With a few tweaks, you can take your dining table from Thanksgiving to New Year's with ease.
One Tabletop, Three Holidays
Thanksgiving: Make a runner and set of no-sew napkins from blue, brown and copper plaid fabric. We used about 5 yards. Create a casual yet elegant vibe by placing white plates on faux copper chargers. Set out simply designed wine glasses. On the sideboard, stack two cake stands lined with scrapbook paper and load them up with apples.
Thanksgiving Gifts For Guests
Create a place card out of a small, brown paper box. (Check the wedding favors aisle at your local craft store.) Place a note inside the box telling guests why you're thankful to have them in your life. Tie each box with a satin ribbon, and attach a handwritten tag.
Thanksgiving Table Display
Gussy up large aluminum cans (we used tomato sauce cans) by using double-sided tape to affix wide bands of blue and copper-colored ribbon.
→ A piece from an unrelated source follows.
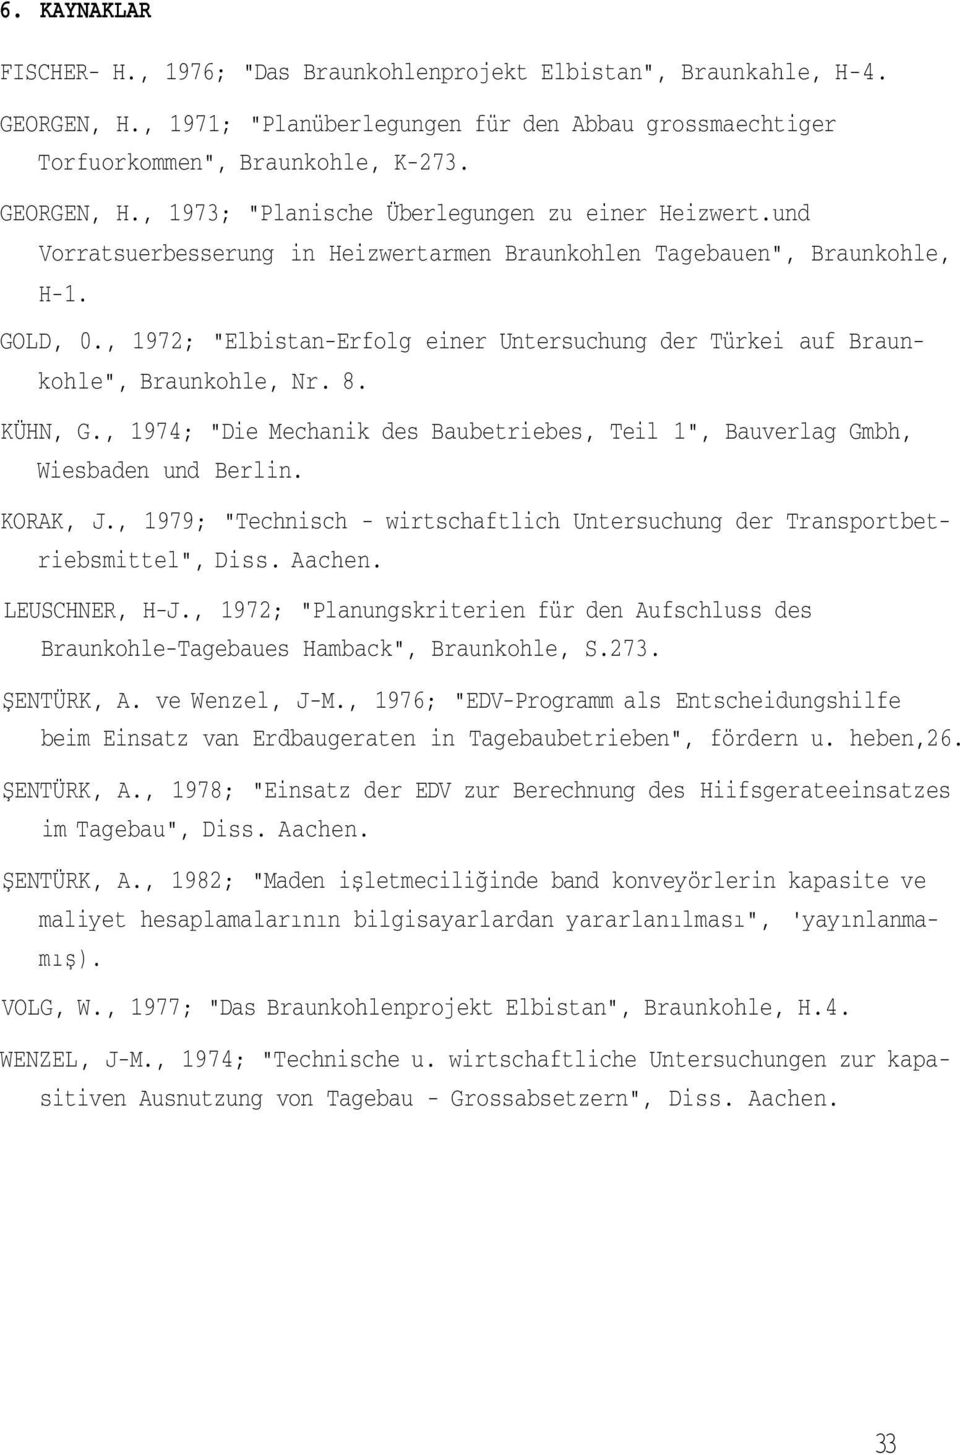 , 1974; "Die Mechanik des Baubetriebes, Teil 1", Bauverlag Gmbh, Wiesbaden und Berlin. KORAK, J., 1979; "Technisch - wirtschaftlich Untersuchung der Transportbetriebsmittel", Diss. Aachen.

Wrap an inexpensive, 10-incy by 48-inch laminate shelving board with coordinating fabric. Fold fabric firmly over board and fasten with strong tape underneath. Stud with decorative nail heads and top with loose display of pinecones, acorns and two bags of shimmery copper glass gems. Votive candles add extra glow as their flames reflect off the gems, cans and glassware.
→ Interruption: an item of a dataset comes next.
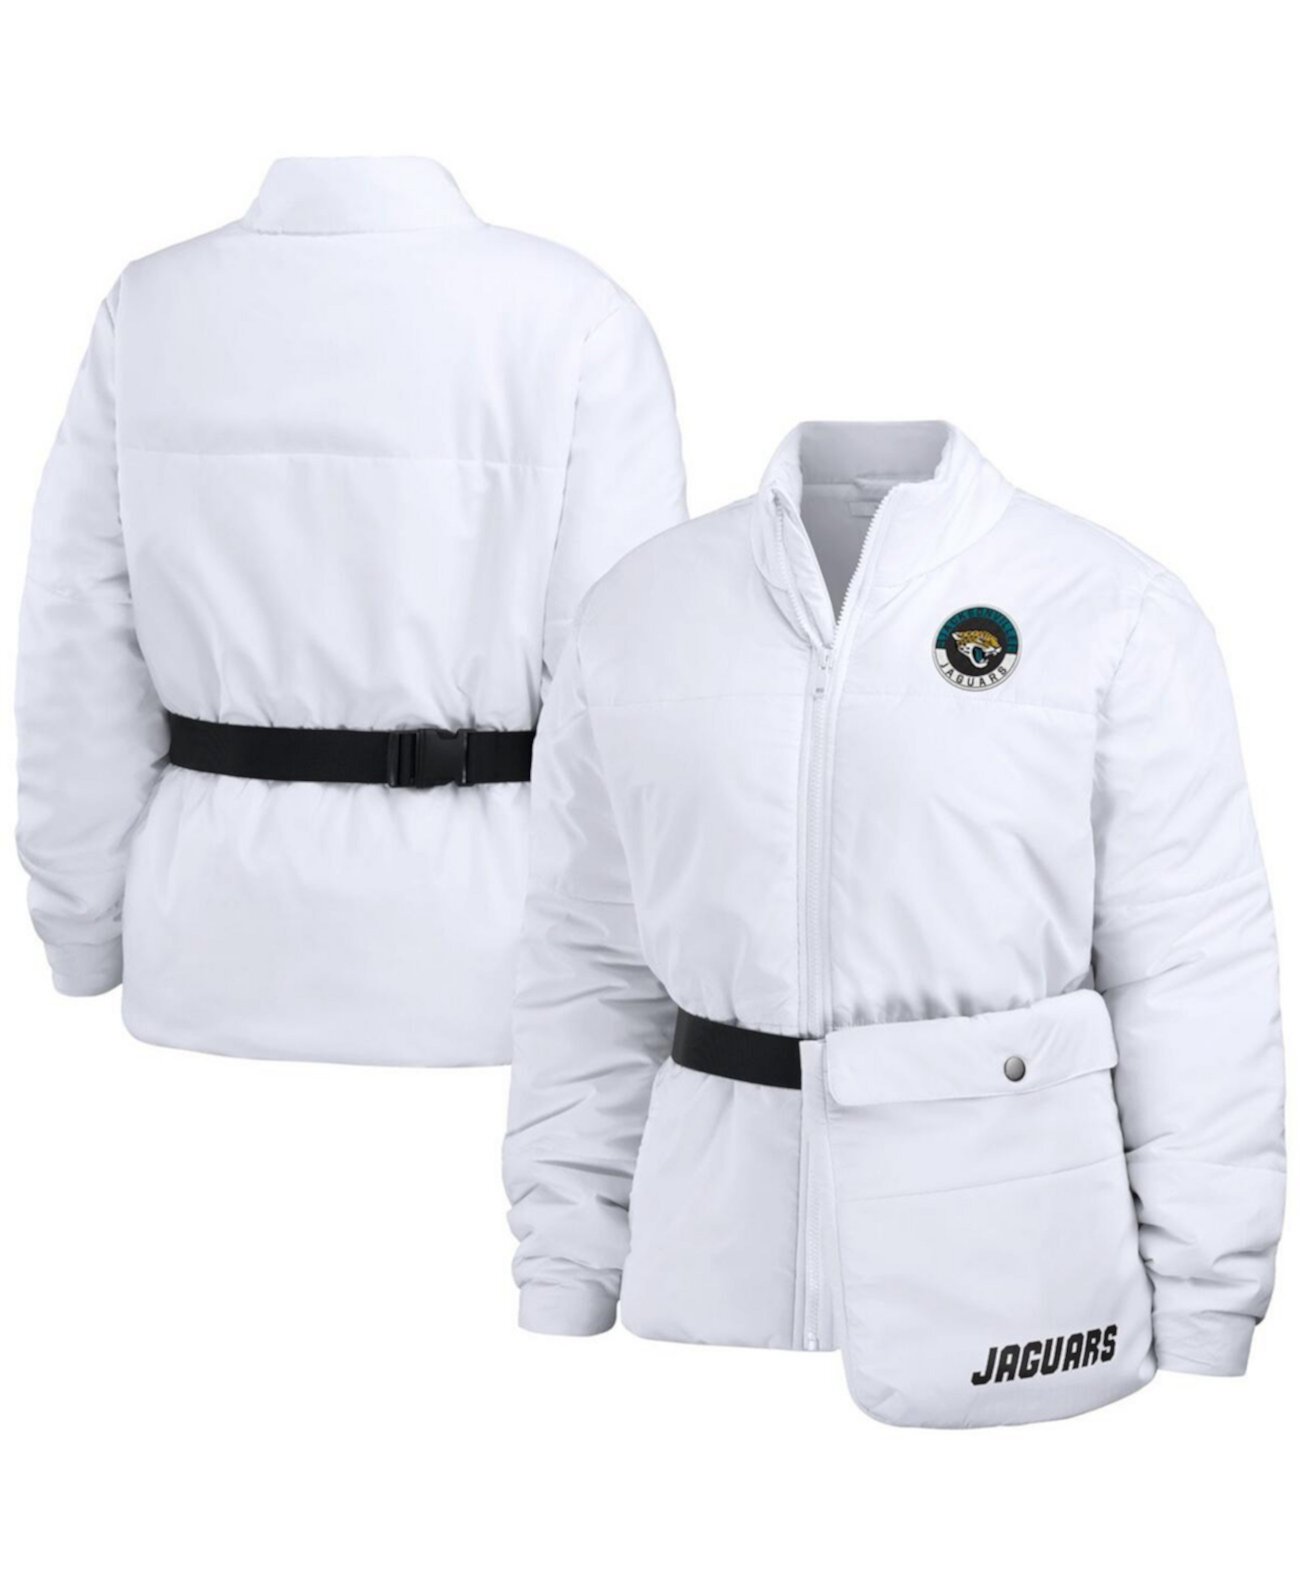 Женская белая куртка-пуховик с молнией во всю длину Jacksonville Jaguars Packaway WEAR by Erin Andrews

Thanksgiving Sideboard Display
Fashion a runner from the same fabric used on the laminate board. Pack grapevine cornucopias with a bounty of seasonal goodies. Copper-colored ribbon will tie the look back to the tabletop. Spell out a seasonal sentiment by embellishing 8-inch papier-mache letters with copper-colored glitter. To frame the scene, set creamy-white pillar candles atop squatty candlesticks tied with copper-hued ribbon.
Christmas: Keep runner in place. Loosely roll napkins and tie with copper-colored ribbon left over from Thanksgiving-themed display. Keep plates and chargers as they were. Fill glass mugs with golden cider and a cinnamon stick and chunky orange slice. The filled mugs serve double duty as both decoration and beverage. Set out chunky glass highballs for water or each guest's thirst quencher of choice.
Christmas Gift For Guest
Go a touch more formal with this gift for guests by dressing up tiny dark brown boxes with white satin ribbon and mini jingle bells. Place a decadent store-bought truffle inside.
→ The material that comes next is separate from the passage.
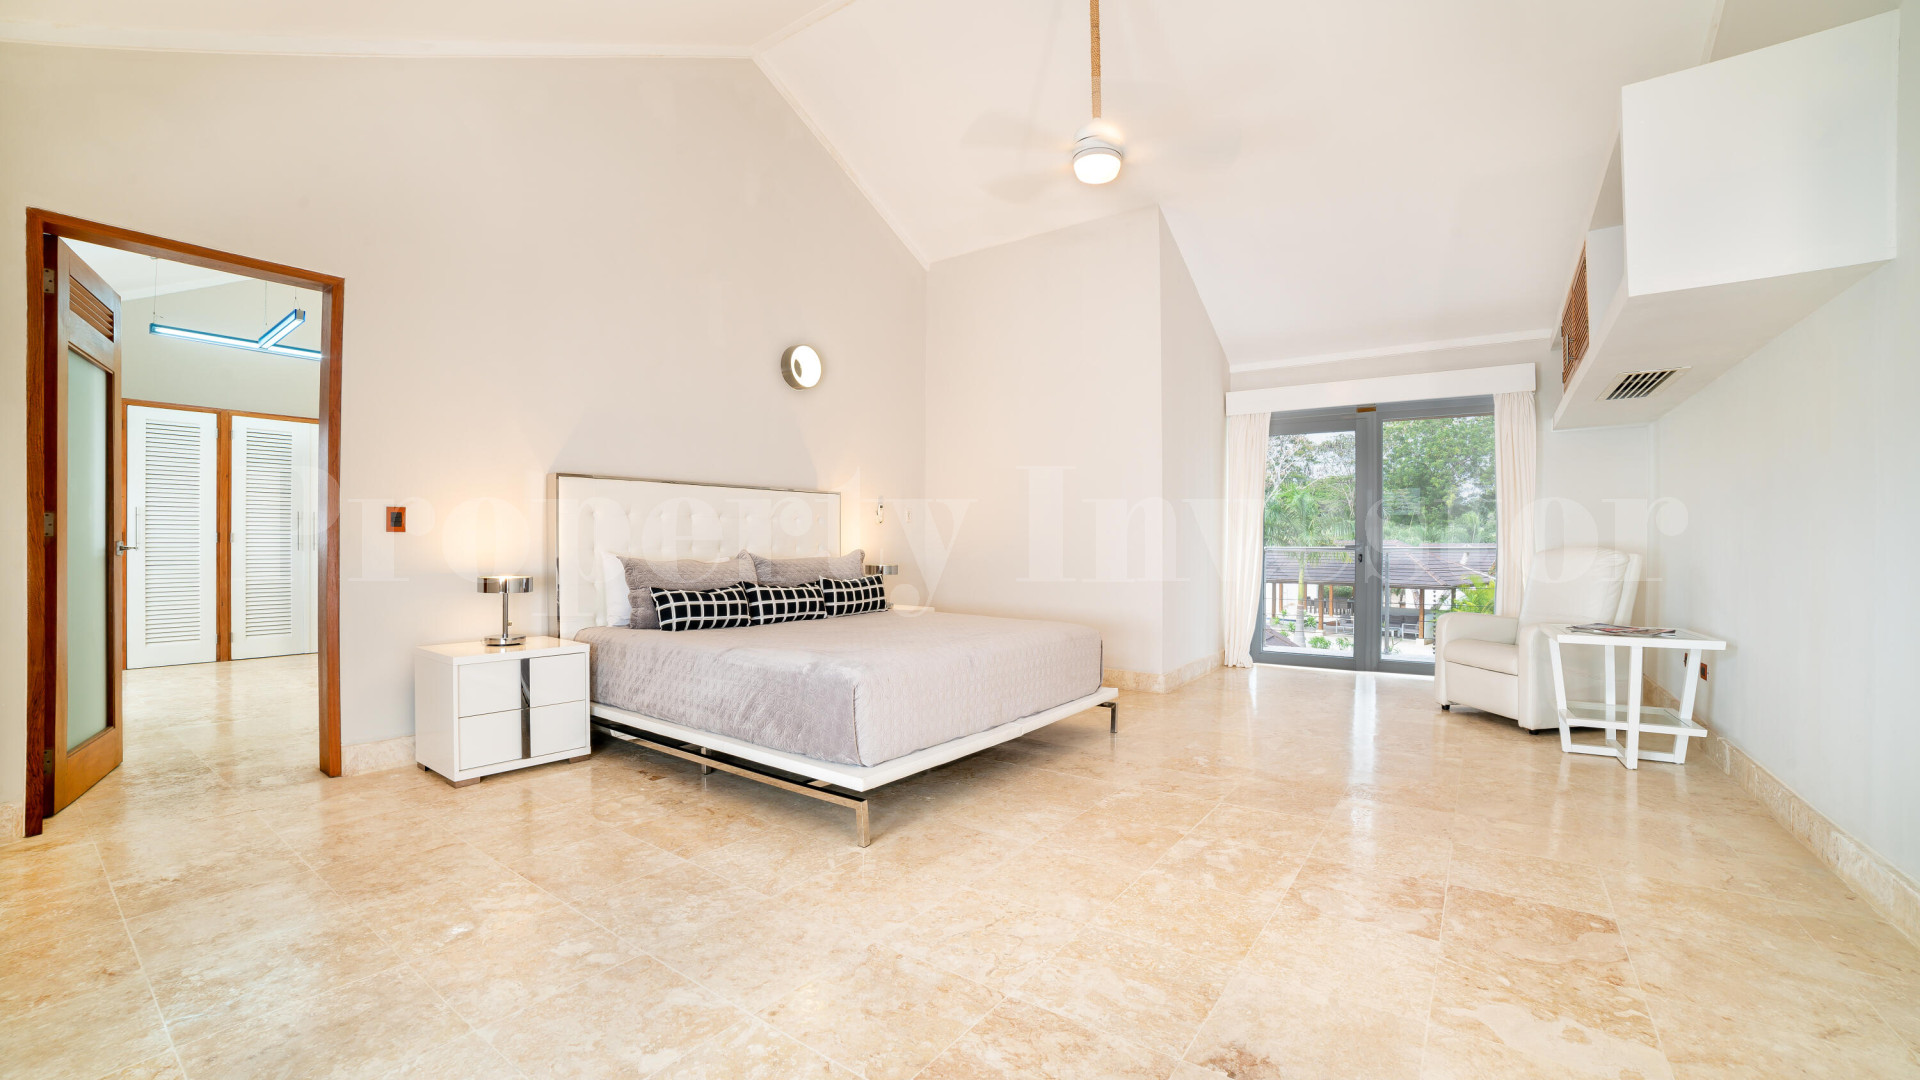 Magnificent 8 Bedroom Open Concept Luxury Golf Estate for Sale in Casa de Campo, the Dominican Republic

Christmas Tabletop Display
For the tabletop display, keep metal cans and votive candles as they were. Cover laminate board with coordinating blue fabric. Replace copper glass gems that adorned the November table with inexpensive silver ball ornaments of varying sizes—they're festive and add sparkle.
Christmas Sideboard Display
On the sideboard, leave runner in place. Keep cornucopias intact, but mix in ornaments. Replace a pillar candle with a trio of votives. Remove letters and add a Christmas tree-inspired cake stand display. Working from the fall arrangement, add a third stand of apples. Turn the middle stand 45 degrees. Trim with ornaments and top with a homemade star made from a glittered cardboard cutout taped to a skewer or stiff wire.
New Year's Tablescape
New Year's: Use blue corduroy to make a new runner and set of napkins. Remove chargers. Keep chunky glass highballs, if desired. Serve cocktails in sugar-rimmed flutes. Arrange glasses on a porcelain platter and set on the board as guests arrive, and enjoy the oohs and aahs. On the sideboard, make a special message extra special by embellishing papier-mache letters with silver glitter.
New Year's Gift For Guests
Favor your guests with pretty white-and-silver-edged gift bags tied with satin ribbon. Enclose a small good luck charm for the year ahead.
New Year's Tabletop Display
In the tabletop display, replace copper-colored ribbons wrapping cans with blue ribbon. At their bases, scatter blue and silver ornaments and handfuls of chocolate kisses. Remove earthy elements like pinecones and acorns, but keep votive candles and ornaments. Mix in funky chrome clocks.
New Year's Sideboard Display
Create a runner for the sideboard with blue corduroy. Remove cornucopias. Replace copper-colored ribbons on candlesticks with blue ones. Scatter chocolate kisses and ornaments along length of sideboard. Add clocks of varying size, placing them at varying heights. Add a globe to to salute the worldwide celebration.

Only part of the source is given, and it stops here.